KeyError: 'extension'

In [43]:
from llama_index.readers.file.flat_reader import FlatReader
from pathlib import Path

In [50]:
md_docs = FlatReader().load_data(Path("./data/mds/books.md"))
len(md_docs)

1

In [51]:
md_docs[0].metadata

{'filename': 'books.md', 'extension': '.md'}

In [52]:
nodes = parser.get_nodes_from_documents(md_docs)
len(nodes)

15

In [53]:
nodes[0]

TextNode(id_='1e939504-e9e5-4100-83c8-a345682d64fe', embedding=None, metadata={'Header 1': 'Books', 'filename': 'books.md', 'extension': '.md'}, excluded_embed_metadata_keys=[], excluded_llm_metadata_keys=[], relationships={<NodeRelationship.SOURCE: '1'>: RelatedNodeInfo(node_id='633e0cc9-602d-4150-9380-9deb46cf4aee', node_type=<ObjectType.DOCUMENT: '4'>, metadata={'filename': 'books.md', 'extension': '.md'}, hash='54f6dbc1566612a87ec0f9d2266d7502d2de2e5ad8e4bae9856c1c35190713ea'), <NodeRelationship.NEXT: '3'>: RelatedNodeInfo(node_id='57763c71-15b2-490e-8433-9a981296b8ed', node_type=<ObjectType.TEXT: '1'>, metadata={'Header 1': 'Books', 'Header 2': 'Business', 'filename': 'books.md', 'extension': '.md'}, hash='229bcfd44b3585334ce8c3fa2b6c8a3c9e398d6cdaa60130274df4d751fe8d11')}, text='Books\n\n==Highlighted== books are books I want to read next.', start_char_idx=2, end_char_idx=61, text_template='{metadata_str}\n\n{content}', metadata_template='{key}: {value}', metadata_seperator='\n')

In [54]:
for i, node in enumerate(nodes):
    print(f"Chunk {i} - ")
    print(node.text)

Chunk 0 - 
Books

==Highlighted== books are books I want to read next.
Chunk 1 - 
Business

[FREE - The Future of a Radical Price](https://www.amazon.com/FREE-Future-Radical-Price/dp/B0055PK366/)

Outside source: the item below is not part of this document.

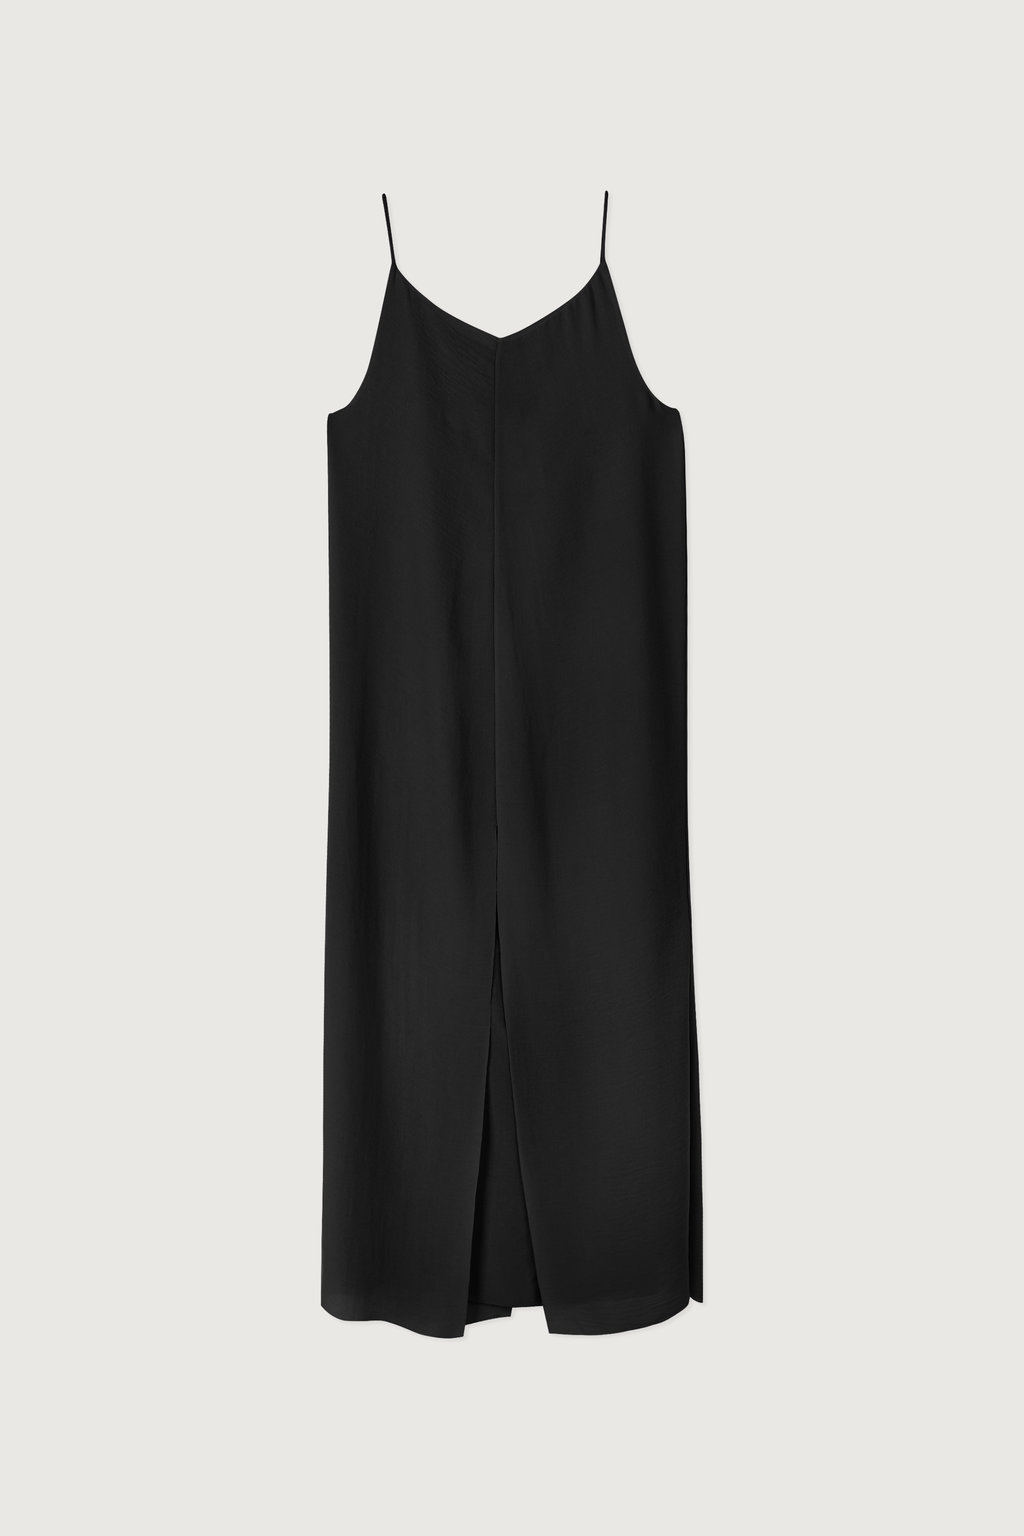 Dress 3243 Black 7

[Seeing What's Next](https://www.amazon.com/Seeing-Whats-Next-Theories-Innovation/dp/1591391857/)

[Measure What Matters](https://www.amazon.com/Measure-What-Matters-Google-Foundation/dp/0525536221/)

[Crossing the Chasm](https://www.amazon.com/Crossing-Chasm-3rd-Disruptive-Mainstream/dp/0062356852/)

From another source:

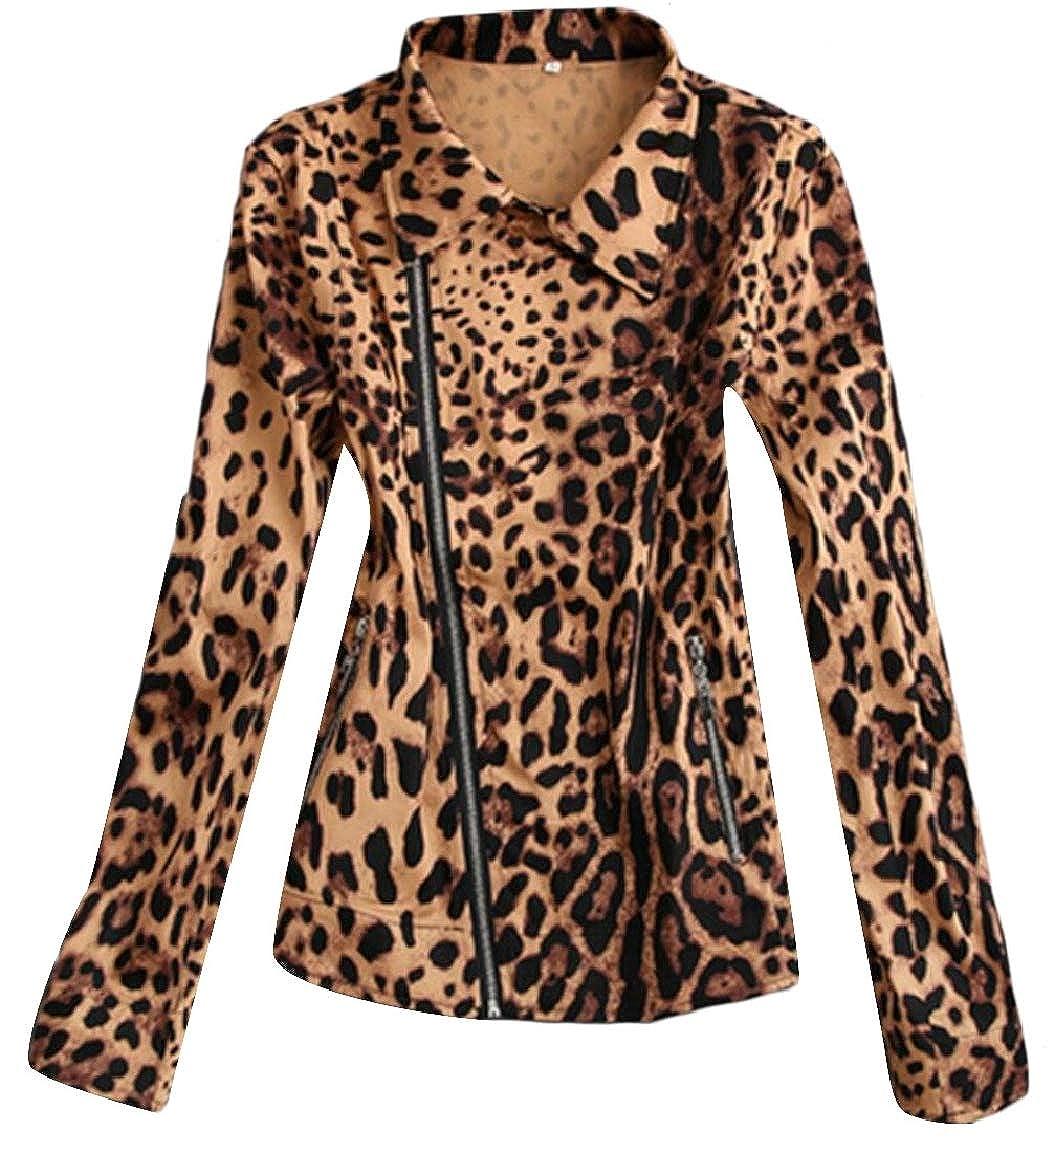 Yellow LEISHOP Women Casual Slim Fit Leopard Zipper Stylish Punk Jackets

==[Hooked: How to Build Habit-Forming Products](https://www.amazon.com/Hooked-How-Build-Habit-Forming-Products/dp/0241184835/)==

[Reinventing Organizations](https://www.amazon.com/Reinventing-Organizations-Frederic-Laloux/dp/2960133501/)

[The Truth About New Rules of Business Writing](https://www.amazon.com/Truth-About-Rules-Business-Writing-ebook/dp/B0031PXEGS/)

[The Staff Engineer's Path](https://www.amazon.com/Staff-Engineers-Path-Individual-Contributors/dp/1098118731/)
Chunk 2 - 
Popular 

## Misc Notes
`SimpleDirectoryReader` reads all the files in the current directory, recursively if specified, and runs the file through a format-specific reader which will chunk a single file into multiple chunks. The resulting chunks are still `Document` objects. E.g., for PDFs, it will chunk the document per page, with each page getting its own Document object. With Markdowns it will chunk based on headers (I have verified H1 and H2, don't know about the rest).

`FlatReader` on the other hand will simply read the file as is without any format-specific parsing. The resulting `Document` object then needs to be passed through another more specific node parser. Using the `SimpleFileNodeParser` will result in a similar behavior as `SimpleDirectoryReader`. The difference is that `SimpleDirectoryReader` will use `MarkdownReader` to read Markdowns but `SimpleFileNodeParser` will use `MarkdownNodeParser`. The node parsers are better because they save the header information in the metadata, something that the readers do not.